Obviously they shouldn’t do that because it would be shit. You know what else was shit? Question Everything. And not just in the previously stated “the ABC needs to give up on trying to make comedy news happen because they suck at it” fashion, because as a whole this show was a train wreck. If it had just been Gruen News it would have been pointless but competent – instead, they decided to add in a panel of fresh comedy faces and let them sink before our very eyes.
The good news is, they were funny. The bad news is, they would have been even funnier on just about any other show up to and including a revival of Blankety Blanks. Half the time it felt like they weren’t even trying to fit into the format: they had a couple of decent lines they’d been getting laughs with down the open mic nights and they were going to get them in no matter what. Which was totally the right approach, because at least when they were funny for a brief moment this show had a reason to exist.
Here’s a question: instead of yet another “news comedy” show, why not just make a new comedy showcase for up-and-coming talent to do five minutes of their best gear? The ABC has done it dozens of times over the years and sure, they never rate well, but neither does anything else these days. The new talent here wasn’t amazingly talented – while the comedy highlight was the Bob Franklin / Hughsey mash-up guy, all three had their moments – but at least they weren’t Jan Fran trying to eat two burgers at once then “forgetting” to keep score.
Usually we’d be asking what exactly this show wants to be.

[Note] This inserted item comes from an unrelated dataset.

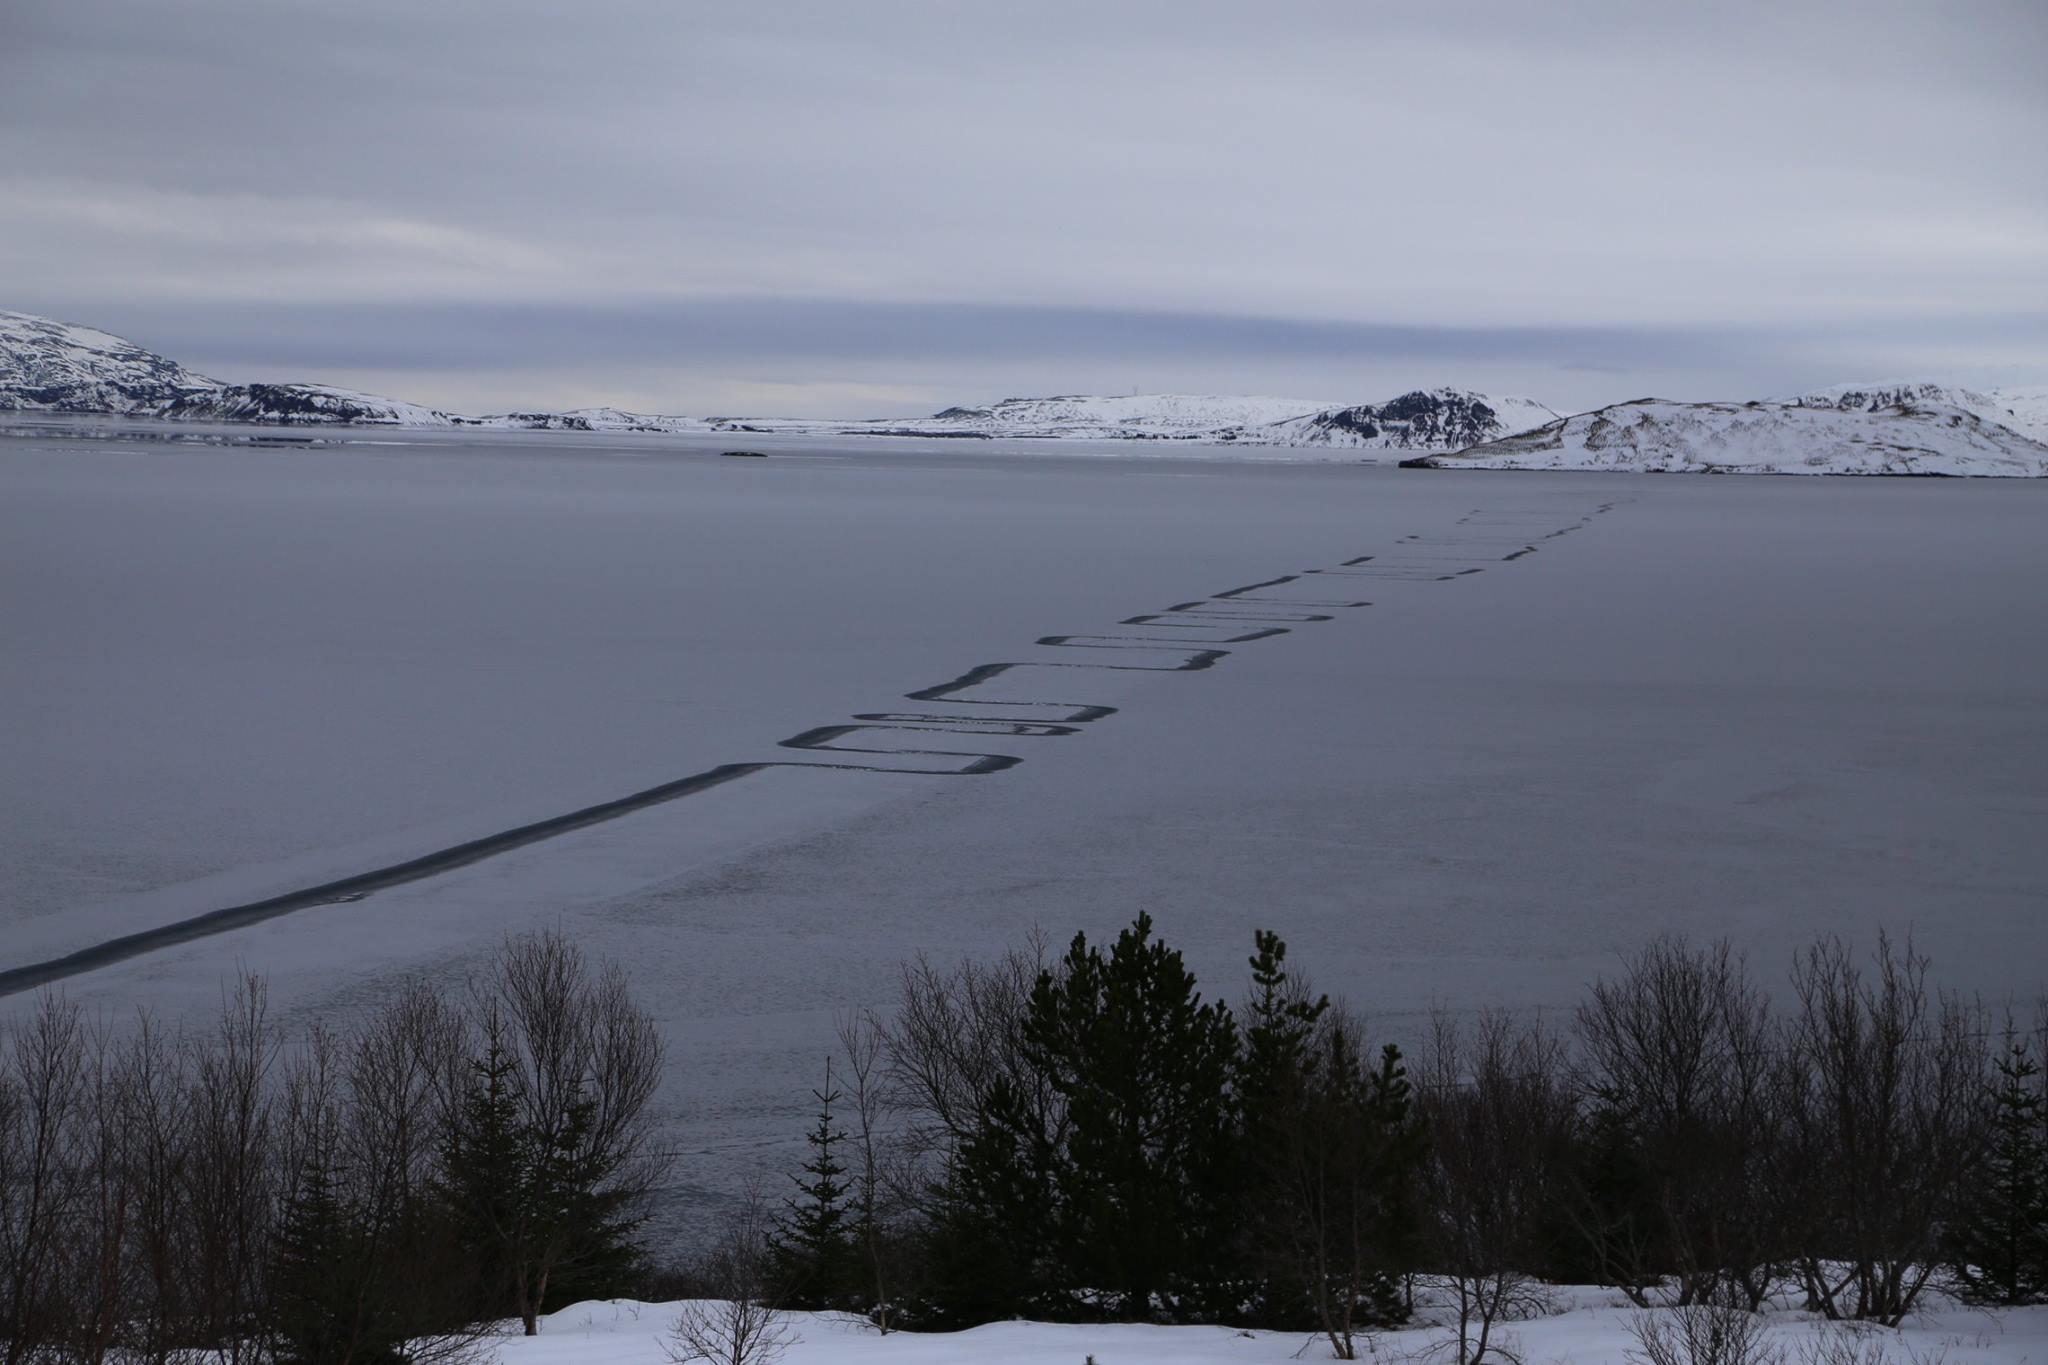 Islanda, sul lago ghiacciato di Thingvallavatn il fregio decorativo degli alieni?

It was sold on the promise of fact-checking the news – Gruen News, like we said – but what we actually got was just a bunch of segments about old news stories (seriously, the “this guy isn’t really a flight attendant” piece was weeks old) and a lengthy bit on the mice plague earlier this year which – we think? – was supposed to be pointing out that the predictions of it reaching Sydney by August never happened but then it turned out even people in the past were saying it was never going to happen, which is what the producer should have said to whoever pitched this idea.

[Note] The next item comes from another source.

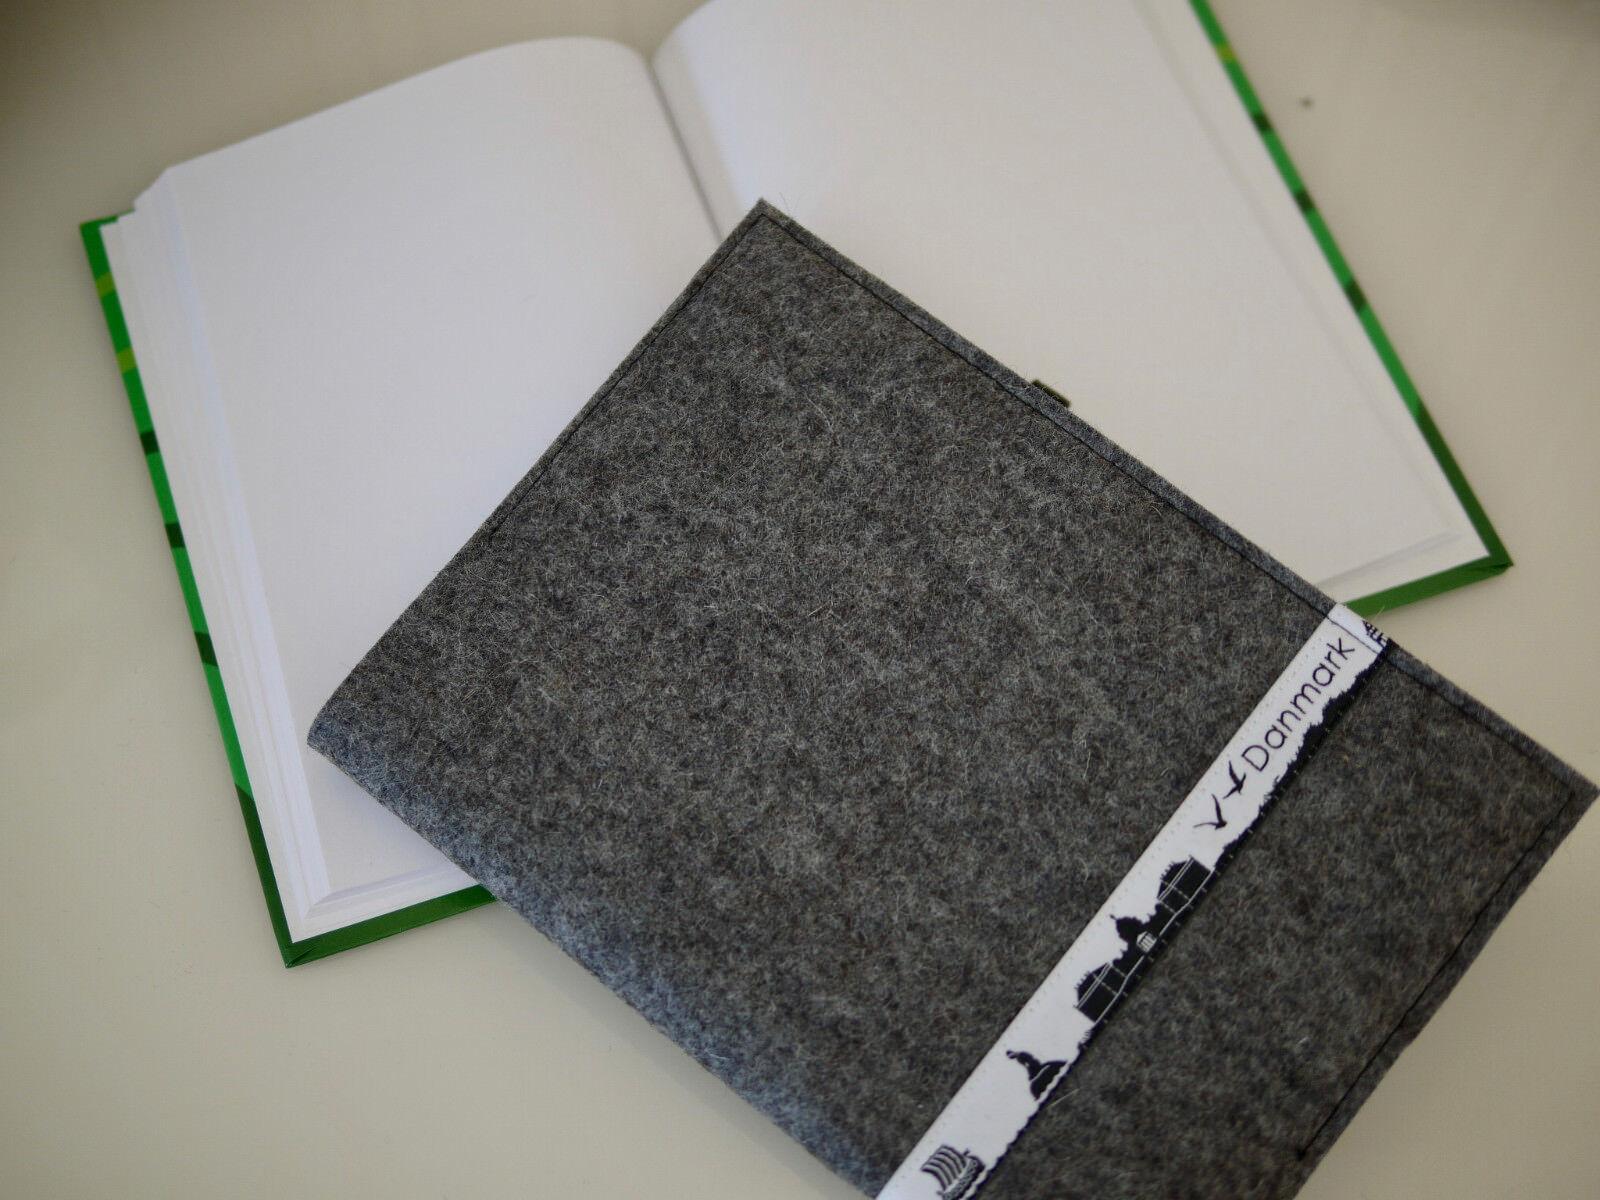 Tütatü Buchhülle + Notizbuch, Reise-Tagebuch, Wollfilz,Skyline DÄNEMARK, Danmark | Einfach zu spielen, freies Leben

Maybe this was a pilot they made a while ago, but even the segment where they traced the origins of the story about the cornavirus outbreak in Melbourne back to a rooting security guard – only not! – was old news, which by definition is not news. And the panel were just there, saying things; funny or not, you could replace them with viewers letters and get pretty much the same result.
Question Everything sounds like a LNP instruction to whoever audits the ABC’s budget. If you’re going to be informative about how our news is created, do that! If you’re going to be funny about the news, do that! If you’re going to try and do both and also be a new talent showcase and also spend 10% of each episode showing the panel laughing at their own jokes just to make sure we know this shit is funny, retire now.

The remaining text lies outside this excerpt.